A continuous function $f:[1, \infty)\to \mathbb{R}$ such that $2xf(x^2)=(x+1)f(x)$, $\forall x\ge 1$ Let $f:[1, \infty)\to \mathbb{R}$ be a continuous function such that $2xf(x^2)=(x+1)f(x)$, $\forall x\ge 1$. Find $f$.
The official solution considers the auxiliary function $g$ such that  $f(x)=\frac{x-1}{x\ln x}g(x), \forall x >1$ and shows that it has the property that $g(x^2)=g(x)$, $\forall x>1$. Then the solution is really easy and straightforward.

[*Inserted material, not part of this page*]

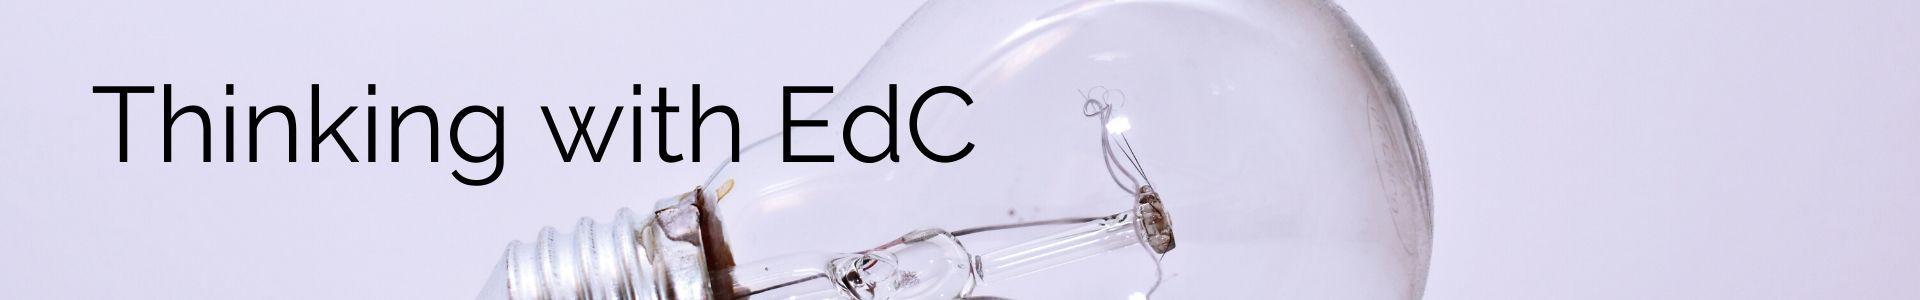 Thinking with EdC

But how would one come up with such an auxiliary funcion?
 A: The basic idea of such functional equations is to set $f(x) = h(x) g(x)$ for a special function $h(x)$ that deals with the given terms, then show (pray) that $g(x)$ is a constant. 
There isn't really a hard and fast rule to the general case, and comes  with experience and guessing/knowing what types of functions work. 
If we had $ \frac{ f(x^2 ) } { f(x) } = \frac{1}{2} = \frac{ 1/ \ln x^2 } { 1/ \ln x}$, is where the $ \frac{1 }{ \ln x}$ came in from.
Likewise, if we had $ \frac{ f(x^2) } { f(x) } = x +1 = \frac{ x^2 - 1 }{ x-1}$, is where the $ x-1$ came in from.
Finally, if we had $ \frac{ f(x^2 ) } { f(x) } = \frac{1}{x} = \frac{ 1/x^2} { 1/x} $, is where the $ \frac{1}{x}$ came in from.
Putting this all together, we see that if $ \frac{ f(x^2x) } { f(x) } = \frac{ x+1}{2x}$, the function $ \frac{ x-1}{x\ln x}$ comes into play.
(Of course, it's much easier to do in reverse)
So setting $ f(x) = \frac{ x-1}{x\ln x} g(x) $ means we just need to verify that $g(x)$ is a constant. 

As an example, try finding continuous functions for    


*

*$ f(x^2 ) = (x+2) f(x)$.   

*$ f(2x) = f(x)^2 $,

*$f(2x) = 2 \sqrt{1 - x^2} f(x)$.